The sauropod group of dinosaurs included the largest animals that have ever walked the Earth – up to 40 meters long and weighing as much as 90 tons. Evolutionarily speaking, they were obviously very successful, giving rise to a diverse and widely distributed array of plant-eating species. These forms were characterized by a small head, a long and highly flexible neck that allowed them – like modern giraffes – to graze the tops of the tallest trees, and a massive body that made mature specimens invulnerable to predators. The sauropods survived for well over 100 million years before succumbing to the meteorite that snuffed out the dinosaurs at the end of the Cretaceous Era.
However, the early representatives of the lineage that led to these lumbering giants were strikingly different in form and habits. For a start, they were carnivores – like Saturnalia tupiniquim, an early sauropod dinosaur that was about the same size as a modern wolf. Recent work carried out by LMU researchers in collaboration with colleagues in Brazil now confirms this scenario and adds new details to the story. Most of the evidence for the early members of the Sauropodomorpha comes from their type of dentition. Now paleontologists Mario Bronzati and Oliver Rauhut, who are based at LMU and the Bavarian State Collection for Paleontology and Geology in Munich, have used computer tomography (CT) to analyze fossil skull bones assigned to S. tupiniquim. The high-resolution images of the cranial bones provided by this technique enabled them to deduce the overall surface morphology of the brain. The results suggest that despite being capable of consuming both meat and plants, S. tupiniquim could have followed a purely predatory lifestyle. The new findings appear in Scientific Reports.

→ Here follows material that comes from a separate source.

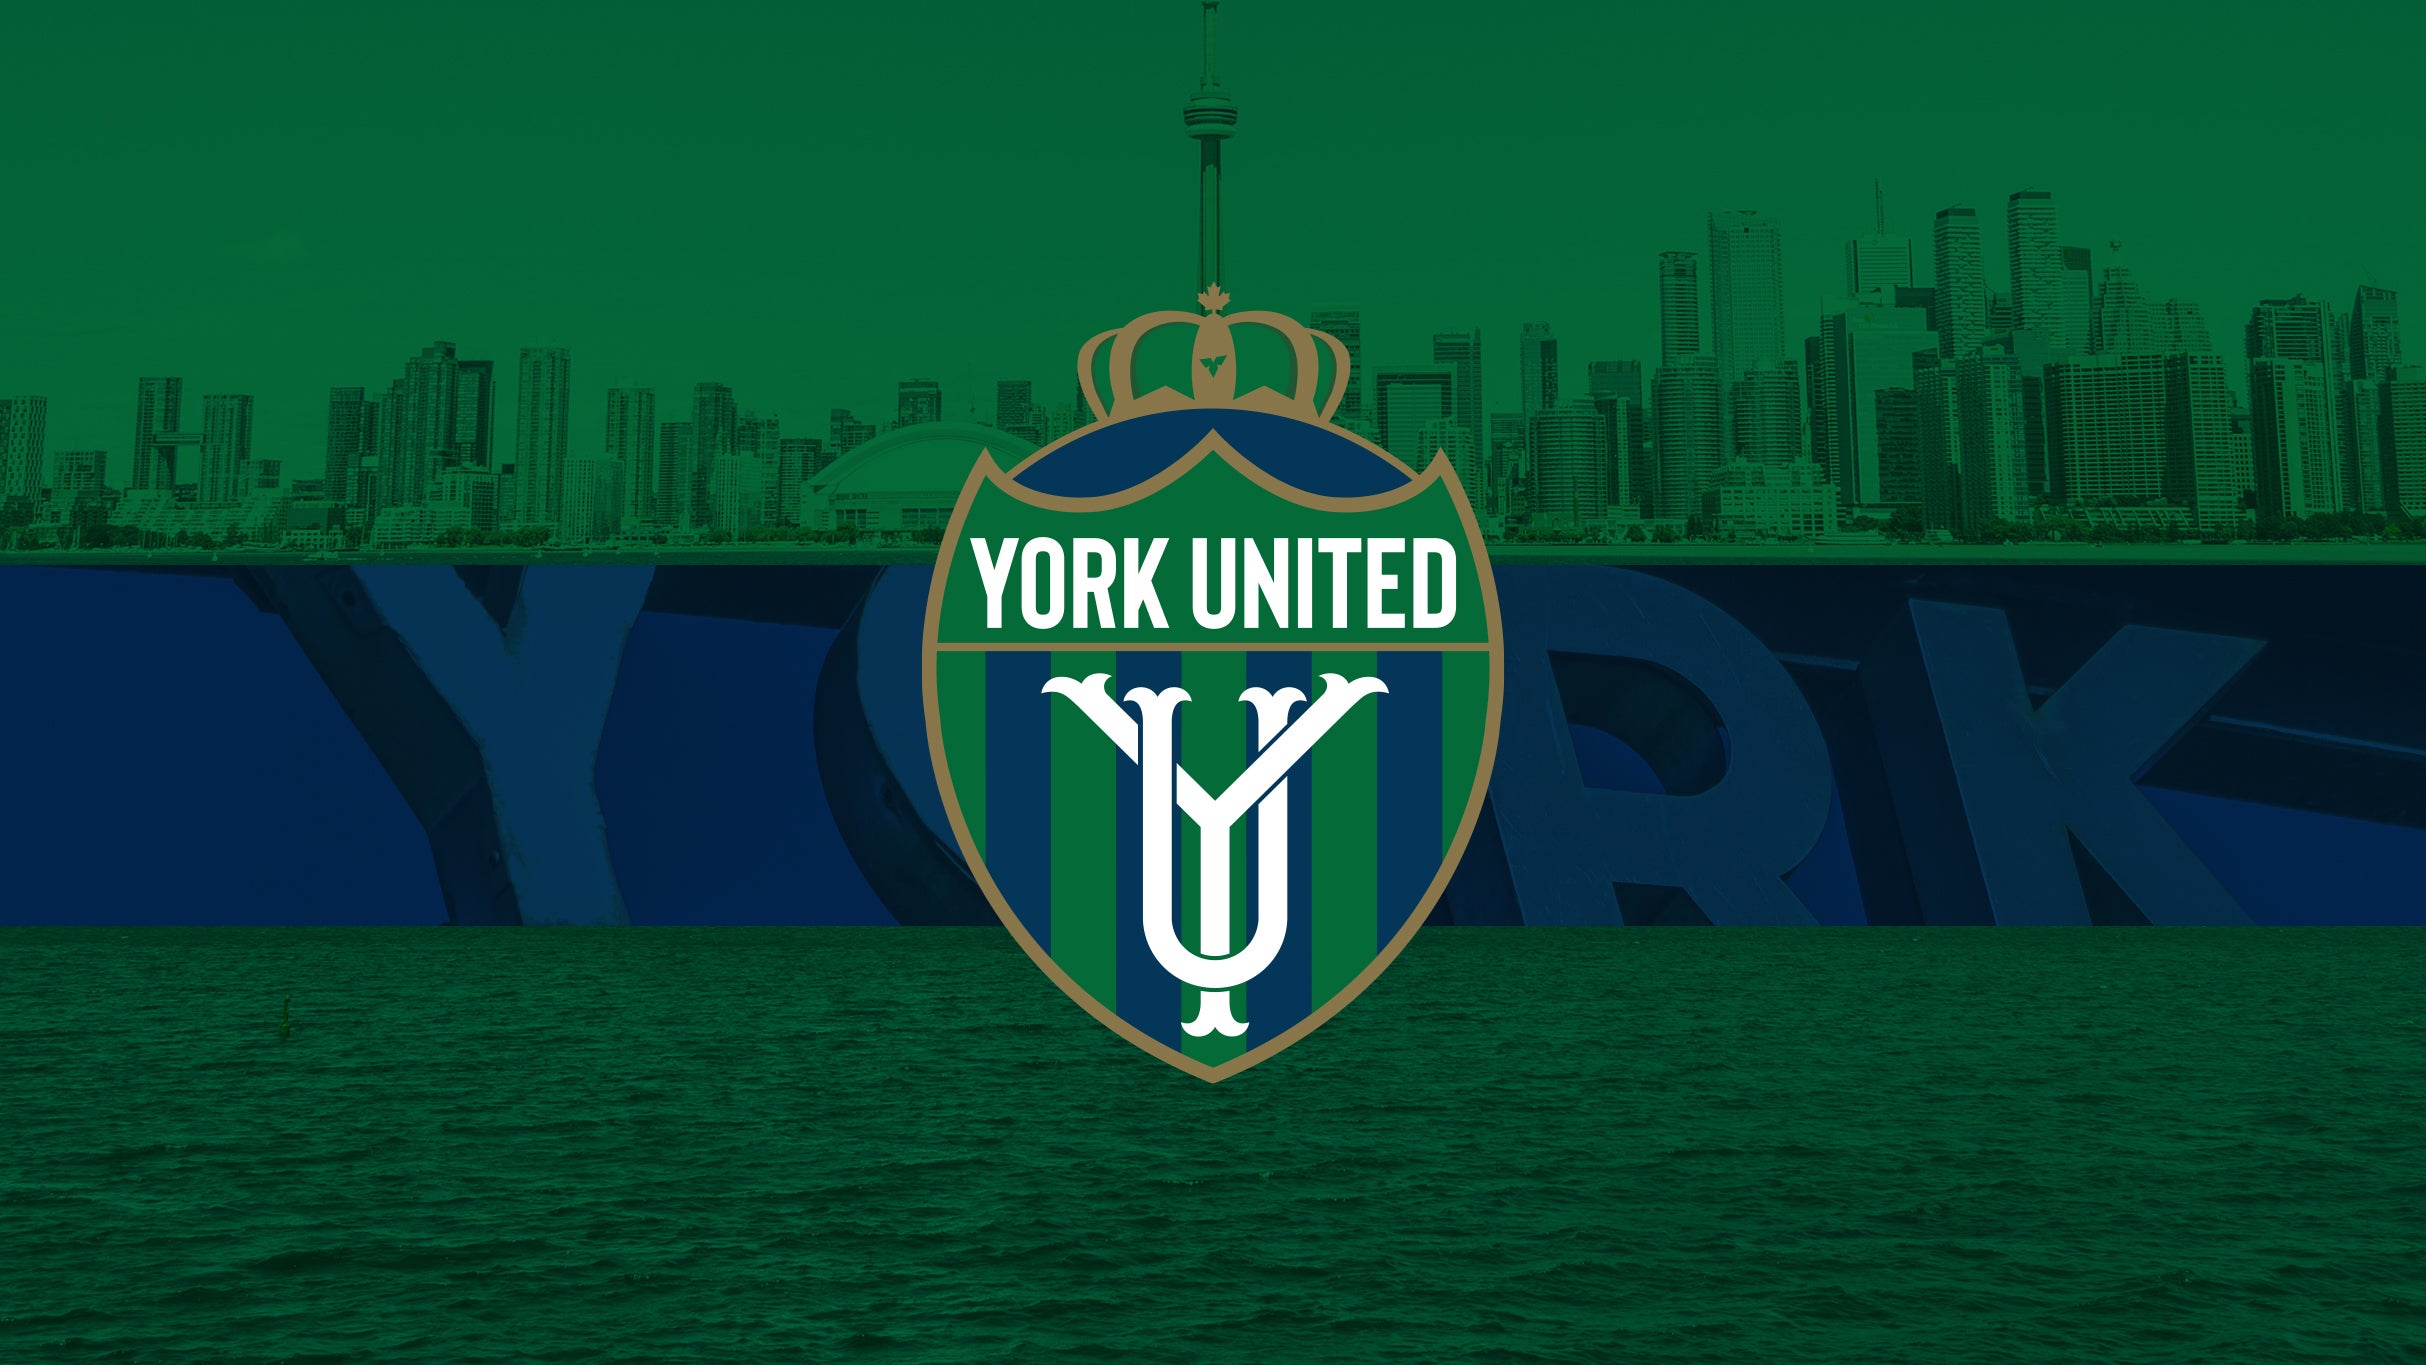 York United FC vs. Atlético Ottawa presales in Toronto

The fossil material used in the study was discovered in Brazil over 20 years ago. It comes from a geological formation that dates back to the Triassic Era, and is about 230 million years old. According to the authors of the study, these are the oldest dinosaur bones that have been successfully reassembled with the aid of computer tomography at sufficiently high resolution to permit the reconstruction of the gross anatomy of the brain.
The evolution of the so-called Sauropodomorpha, of which Saturnalia tupiniquim is an early representative, and the Sauropoda sensu stricto, is marked by a clear tendency towards extension of the neck region, which is accompanied by reduction of the size of the skull – with a corresponding decrease in the volume of the brain – relative to the skeleton as a whole. Saturnalia tupiniquim stands at the beginning of this process. But the new study reveals that, unlike the case in the true sauropods, a specific area in the cerebellum, which encompasses the two lobes known as the flocculus and paraflocculus, is particularly prominent in the brain of S. tupiniquim. These structures are known to play an important role in controlling voluntary movements of the head and neck, and are involved in regulating the oculomotor system, which stabilizes the animal’s field of view.
Bronzati, Rauhut and their co-authors therefore argue that these features enabled S. tupiniquim to adopt a predatory lifestyle. Their findings strongly suggest that, in contrast to the true sauropods, it had a bipedal gait. Moreover, it was nimble enough to hunt, seize and kill its prey – thanks to its inferred ability to track moving objects with its eyes and to execute rapid movements of its head and neck in a coordinated and precise fashion. With the aid of CT-based reconstruction of the surface anatomy of the brain, the researchers now hope to retrace other stages in the evolution of the sauropodomorphs.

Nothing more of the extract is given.